What to produce |
Of all the entries below, retype only the lines from the one with "Sachin Tendulkar praises" through the one with "Photographie de la", exactly as they appear.

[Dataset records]
== Segment start ==
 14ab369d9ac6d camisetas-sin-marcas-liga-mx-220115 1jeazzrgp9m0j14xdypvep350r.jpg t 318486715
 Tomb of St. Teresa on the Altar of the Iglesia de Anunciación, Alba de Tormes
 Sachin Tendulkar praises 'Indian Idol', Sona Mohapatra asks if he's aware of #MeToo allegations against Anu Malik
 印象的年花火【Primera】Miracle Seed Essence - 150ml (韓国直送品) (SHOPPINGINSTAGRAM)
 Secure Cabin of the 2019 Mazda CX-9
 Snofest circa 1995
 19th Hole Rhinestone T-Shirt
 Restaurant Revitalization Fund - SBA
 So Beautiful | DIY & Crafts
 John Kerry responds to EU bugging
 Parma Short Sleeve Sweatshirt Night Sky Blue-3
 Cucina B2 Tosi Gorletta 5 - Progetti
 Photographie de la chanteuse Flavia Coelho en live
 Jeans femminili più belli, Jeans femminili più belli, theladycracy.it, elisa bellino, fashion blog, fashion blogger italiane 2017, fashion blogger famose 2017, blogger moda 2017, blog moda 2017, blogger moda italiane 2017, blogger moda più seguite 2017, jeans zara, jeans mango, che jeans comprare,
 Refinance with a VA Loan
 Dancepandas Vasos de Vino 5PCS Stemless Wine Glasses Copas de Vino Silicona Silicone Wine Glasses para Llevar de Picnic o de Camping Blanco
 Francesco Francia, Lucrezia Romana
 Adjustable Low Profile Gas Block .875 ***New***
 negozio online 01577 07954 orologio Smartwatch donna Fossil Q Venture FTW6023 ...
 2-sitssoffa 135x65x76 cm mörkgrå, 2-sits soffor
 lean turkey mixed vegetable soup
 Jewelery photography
== Segment end ==
Result below |
 Sachin Tendulkar praises 'Indian Idol', Sona Mohapatra asks if he's aware of #MeToo allegations against Anu Malik
 印象的年花火【Primera】Miracle Seed Essence - 150ml (韓国直送品) (SHOPPINGINSTAGRAM)
 Secure Cabin of the 2019 Mazda CX-9
 Snofest circa 1995
 19th Hole Rhinestone T-Shirt
 Restaurant Revitalization Fund - SBA
 So Beautiful | DIY & Crafts
 John Kerry responds to EU bugging
 Parma Short Sleeve Sweatshirt Night Sky Blue-3
 Cucina B2 Tosi Gorletta 5 - Progetti
 Photographie de la chanteuse Flavia Coelho en live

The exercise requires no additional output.